Meyer Sound Laboratories is an American company based in Berkeley, California that manufactures self-powered loudspeakers, multichannel audio show control systems, electroacoustic architecture, and audio analysis tools for the professional sound reinforcement, fixed installation, and sound recording industries.

The company's emphasis on research and measurement has resulted in the issuance of dozens of patents, including for the now-standard trapezoidal loudspeaker cabinet shape. Meyer Sound has pioneered other technologies that have become standard in the audio industry, including: processor-controlled loudspeaker systems, self-powered loudspeakers, curvilinear arraying, cardioid subwoofers, and source independent measurement.
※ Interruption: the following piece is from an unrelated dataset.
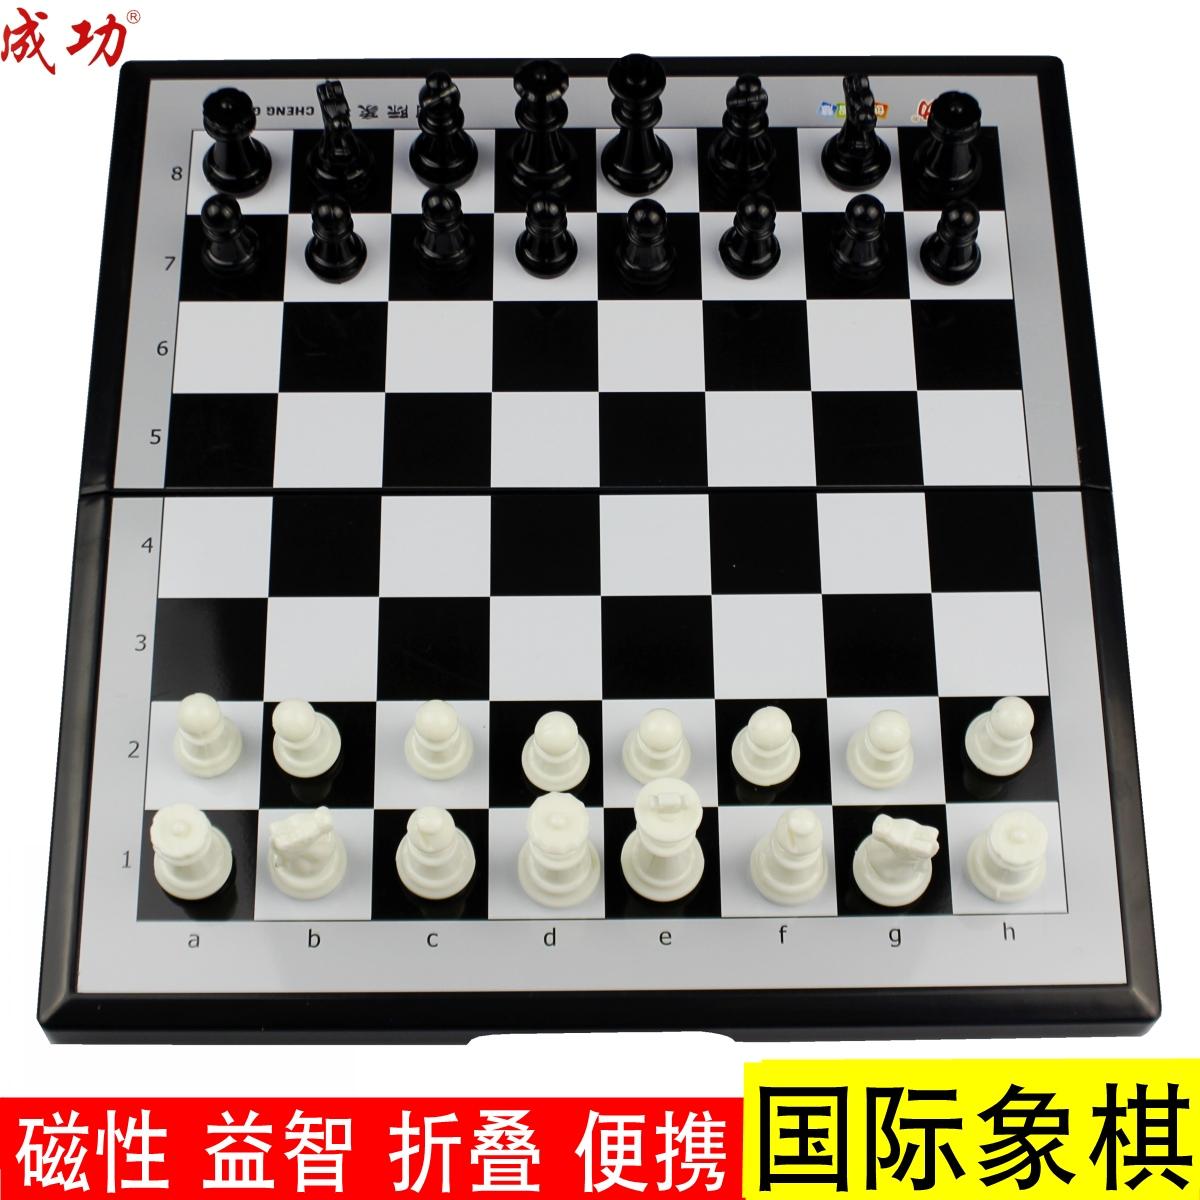 Успех шахматы магнитная лента секс складной шахматная доска установите ребенок детский сад ученик начинающий головоломка поезд

Some symphony halls and performing arts facilities utilize Meyer Sound products, such as the rehearsal area at Davies Symphony Hall in San Francisco, Svetlanov Hall in Moscow, Russia, and the Musikverein in Vienna, Austria. Meyer Sound's Constellation acoustic system is used to manage outdoor sound at the New World Center in Miami, Florida, which is the headquarters for the New World Symphony.

History
In 1979, John and Helen Meyer established Meyer Sound to produce reliable high-fidelity products for sound reinforcement professionals. Meyer Sound's first product was the ACD/John Meyer studio monitor, based on a design Meyer developed while heading the acoustics laboratory at the Institute for Advanced Musical Studies in Switzerland. Prior to the founding of Meyer Sound, the Meyers started a relatively short-lived company named Glyph, which in part provided large speakers that were four to eight feet in diameter. However, bands were unable to bring the gigantic speakers with them when they traveled. Prior to this, John Meyer developed a sound system named "Glyph", which used said large loudspeakers. During this time period, Meyer was also involved in developing and constructing custom mixing consoles.

A demonstration of the ACD system led to Meyer Sound creating a subwoofer for film director Francis Ford Coppola’s use with the custom, quadraphonic sound system that toured with the original 70 mm release of Apocalypse Now. This was the first loudspeaker to use a dedicated processing unit to provide crossover, amplitude and phase correction, along with driver protection.

Also in 1979, the company developed the UM-1 UltraMonitor, which led to a long association with the band Grateful Dead. The UltraMonitor was the first product to employ a new, patented horn loudspeaker design that reduced distortion by a factor of ten compared to previous designs. This patent was the first of more than three dozen issued to the company since its founding. John Meyer was also involved in the development of the Grateful Dead's Wall of Sound.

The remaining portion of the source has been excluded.